In consequence, Xinmo's art becomes a meditation on the gap between art and experience; it brilliantly bridges the two categories. Additionally, like many Chinese intellectuals and artists, Xinmo comments on the absurdity of a one-party government and its effect upon imaginative works. In Ashes, Xinmo is brave enough to face the Chinese government's grievous mistreatment of its country's intellectuals: she writes numbers on a piece of paper, which are actually years of extraordinary political change-1949, 1950, 1951···1976, 1989-and sets the paper on fire, distributing the ashes among the audience. The years mentioned are based on the founding of Communist China and the subsequent history of its suppressions, in which many, many thousands of people died. Xinmo puts it simply: "The work is a memorial to those dead." In an even more extreme political gesture, a performance entitled National Memory, pictures of a liberated China were projected onto the walls of the exhibition space, including news and records of the establishment of a Communist government. Xinmo then appeared nude, and using a sharp knife, cut the number 1 into her body, with the single vertical line of blood referring to the authoritarian dictatorship of a single party. The performance was then concluded with the sound of roaring tanks. Xinno comments, "By contrasting national news with individual suffering, this work points to the emotional and physical domination and destruction that occurs against individuals under a dictatorship. The scar becomes a permanent memory of the nation imprinted on the body."

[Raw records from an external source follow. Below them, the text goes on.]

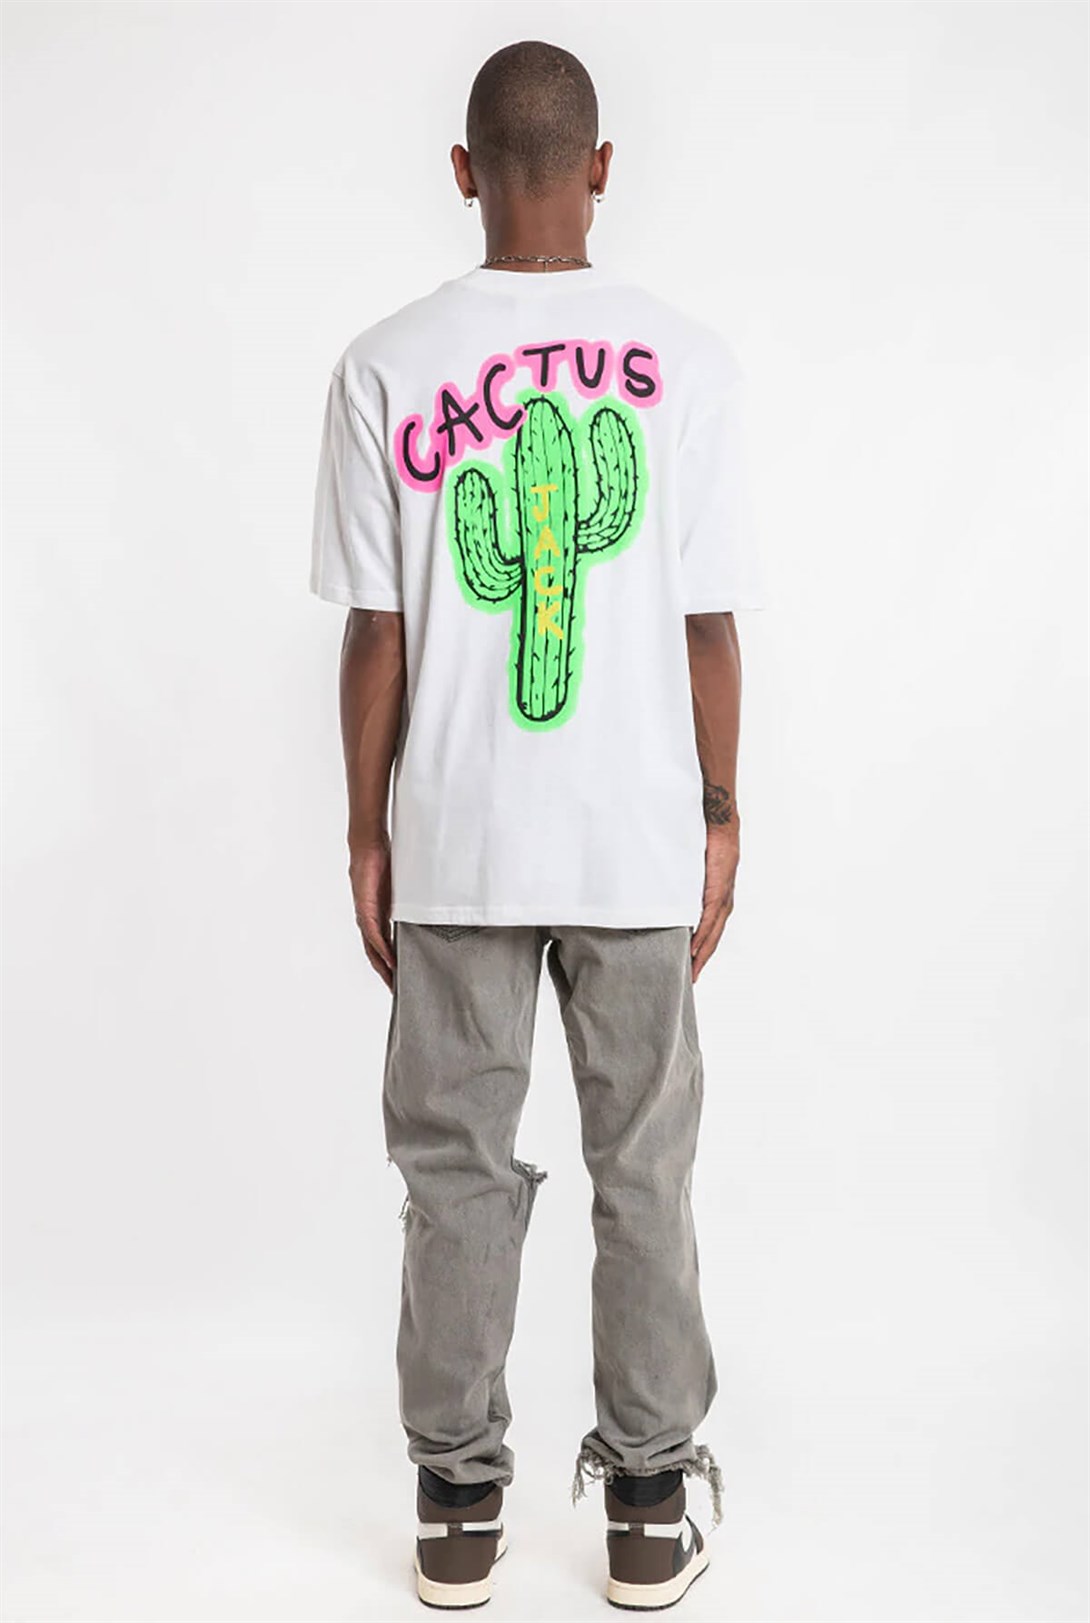 Trendiz Cactus Oversize T-shirt Beyaz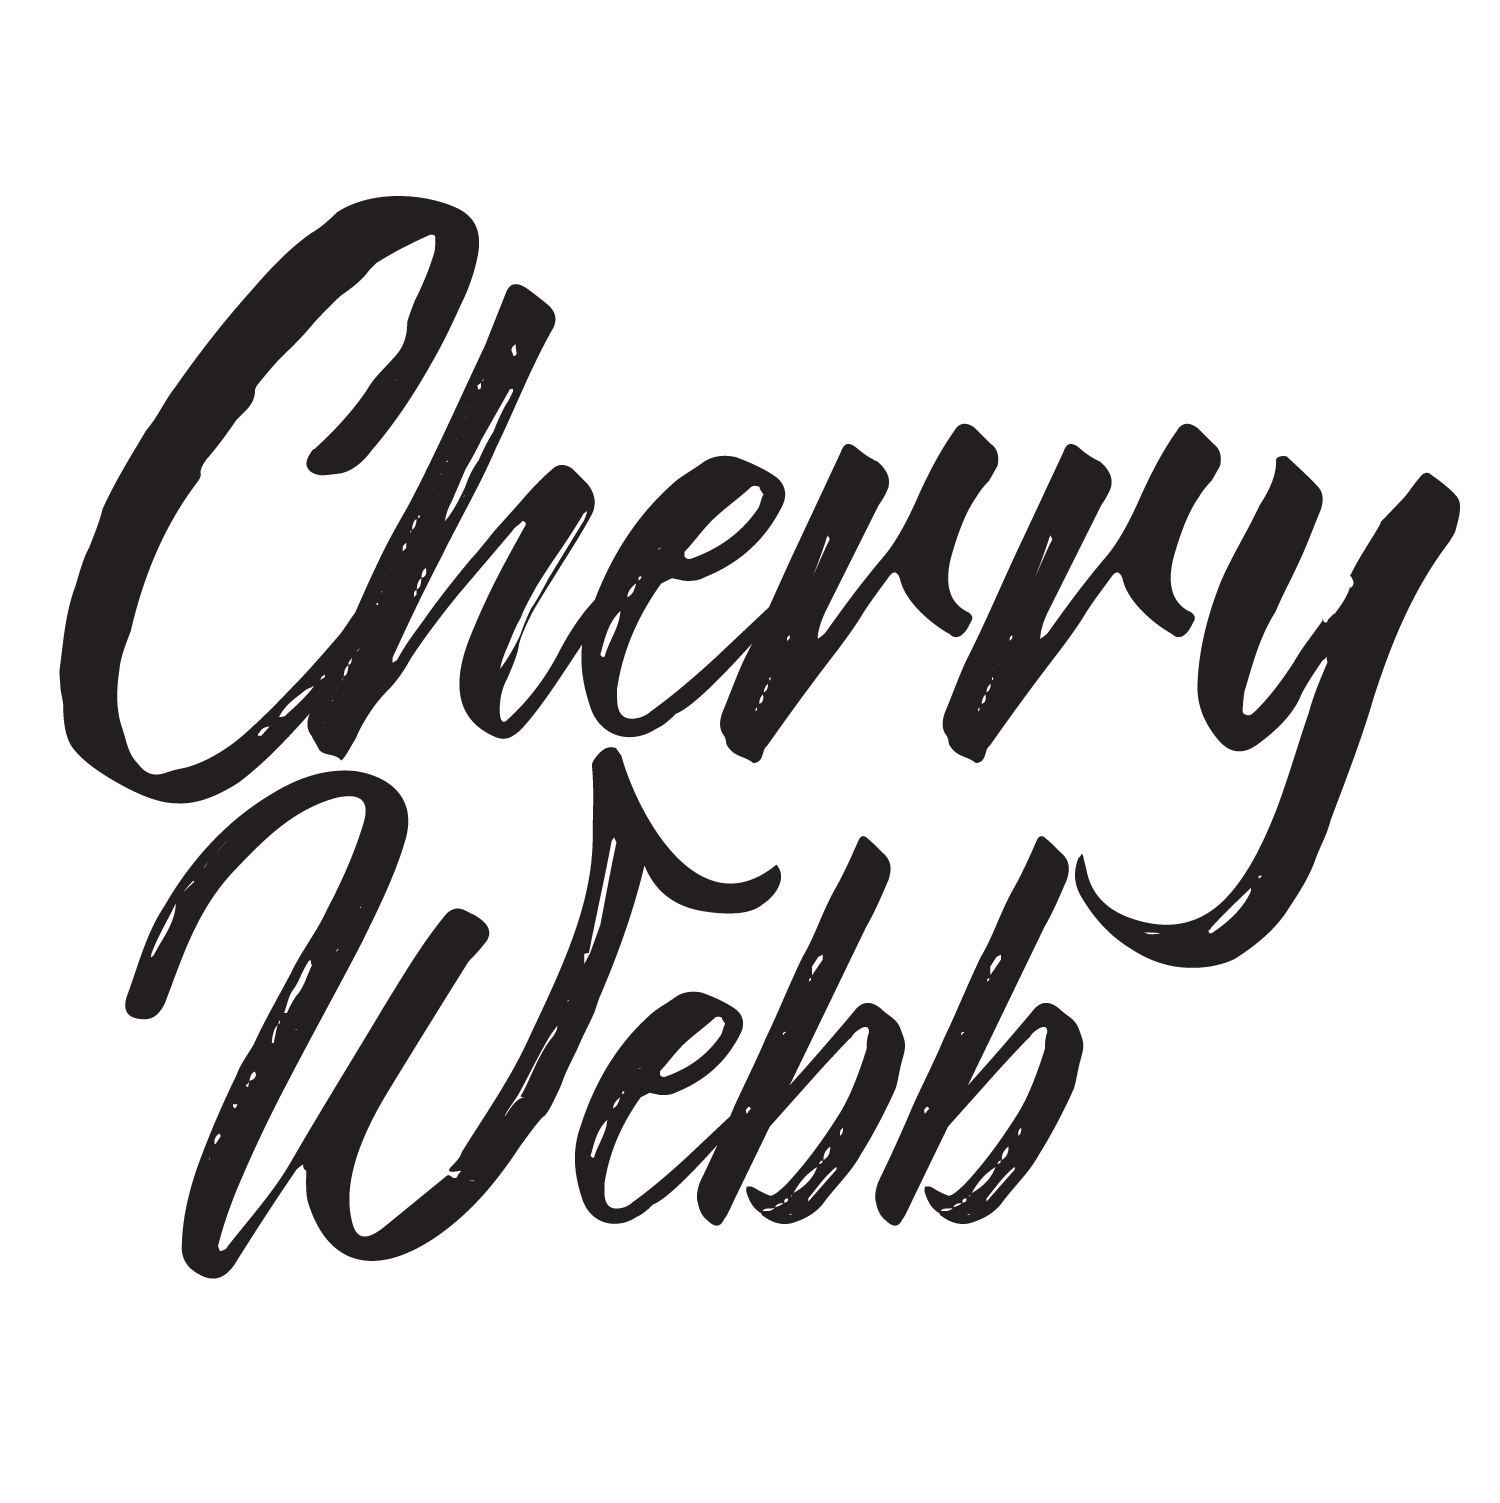 Cherry Webb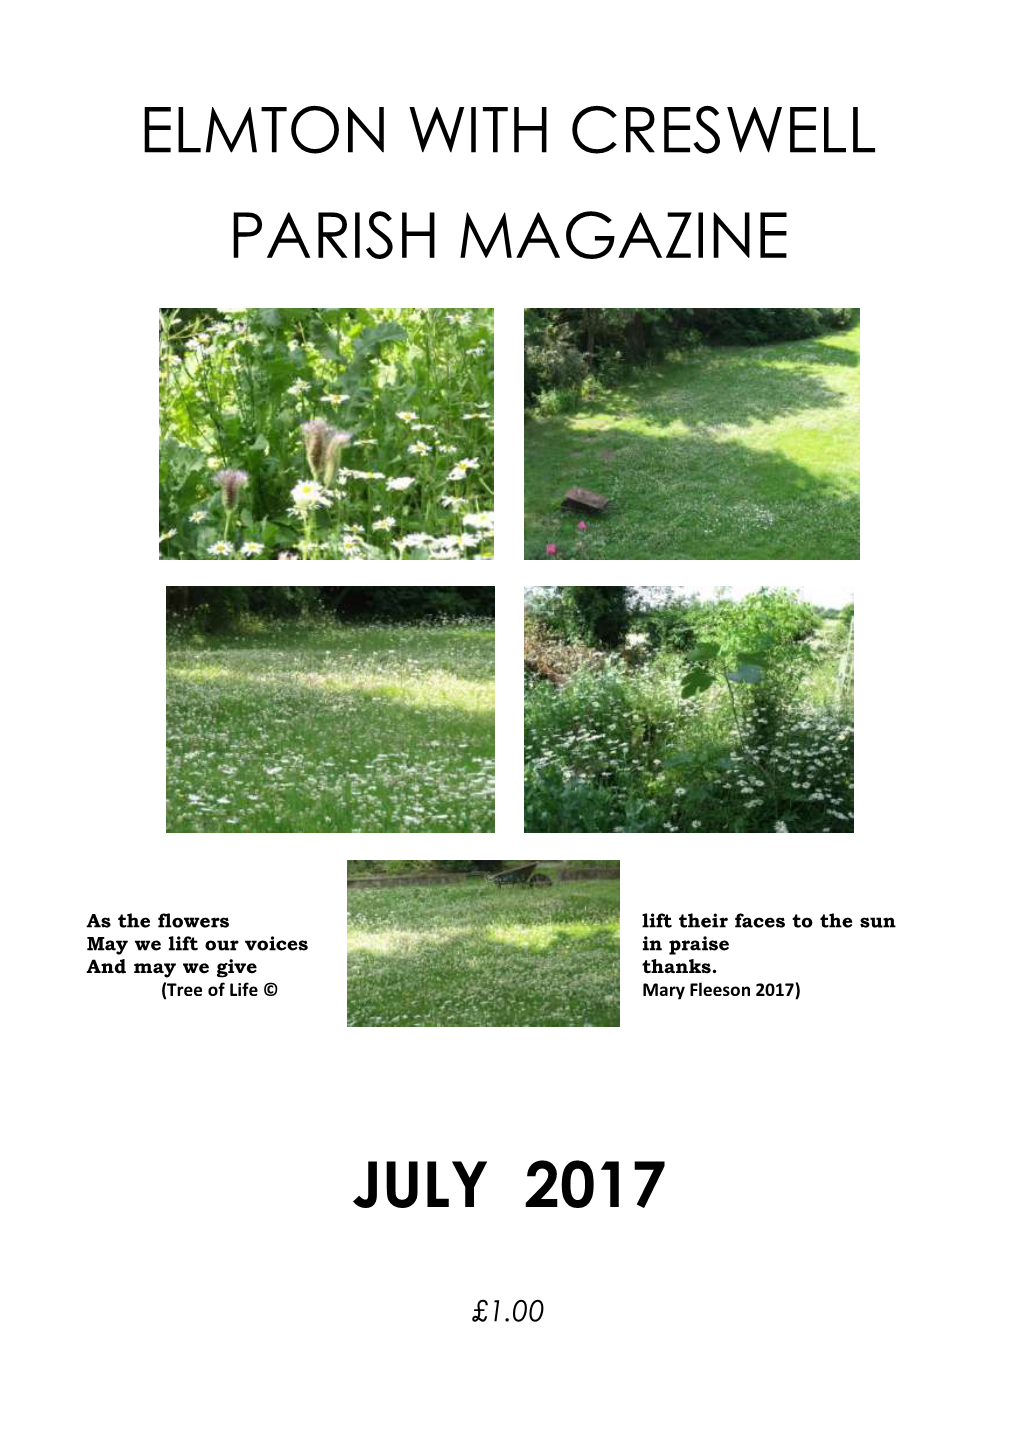 Elmton with Creswell Parish Magazine July 2017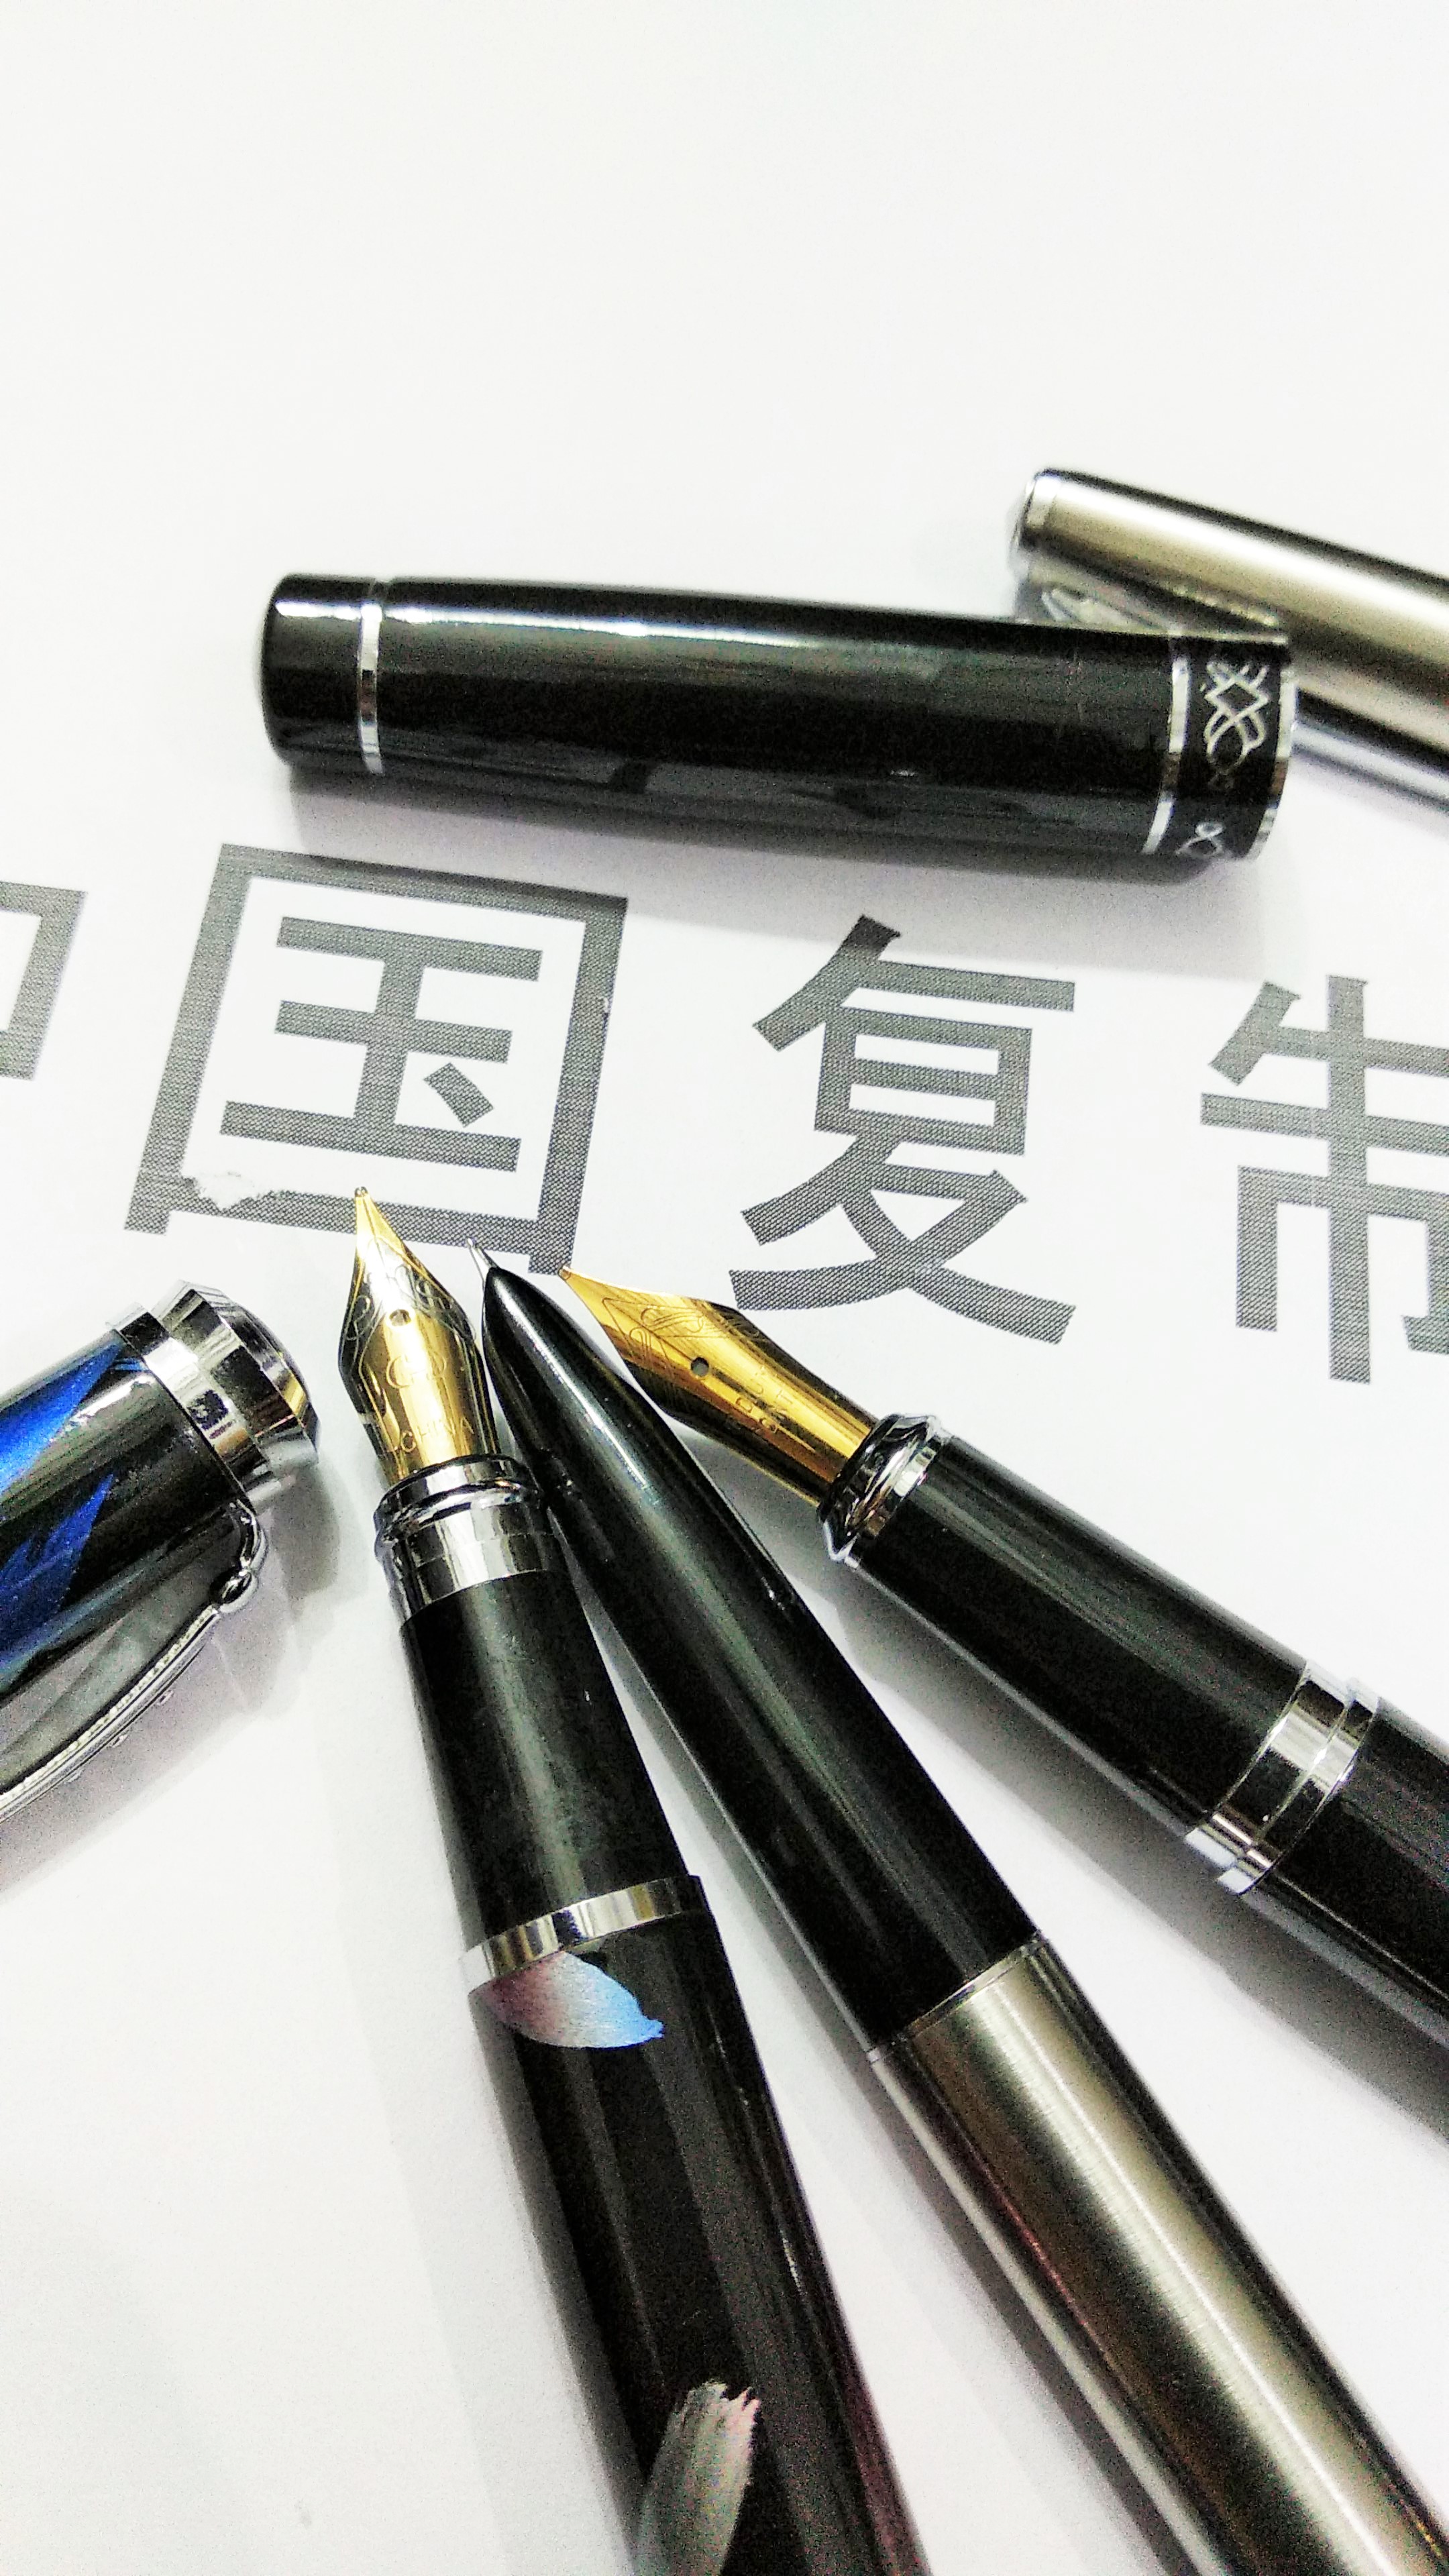 Chinese replica pens

Xinmo belongs to a younger, different generation than that of Xu Bing, Zhang Huan, and others, whose early idealism still stands out as a way of handling pressures from the government. But, according to Xinmo, even that group is now changing in response to China's commercialism, which has made art primarily a commodity. Now that the artist's attitude has adapted to prosperity, in the hope of selling artworks and making money, the new generation has its work cut out for them. Young artists must struggle to maintain idealism at a time when it is no longer valued by Chinese society. One of the more radical attributes of Xinmo's art is the fact that, being a performance, it cannot be sold in a gallery. In this way, Xinmo's actions belong to work that rebels against the materialism that is currently so strong in her culture. Inevitably, it seems, any artwork based upon experience, as opposed to being a constructed object, will present a critique of the society to which it belongs. Xinmo knows that her work can hardly result in a revolution in attitude, much less a revolution in action. But she persists in creating work that registers deeply in both the Chinese psyche and the outlook of an international audience, no matter who they are. In her courageous pieces, the space between the imagination and reality is momentarily closed, with consequences that last.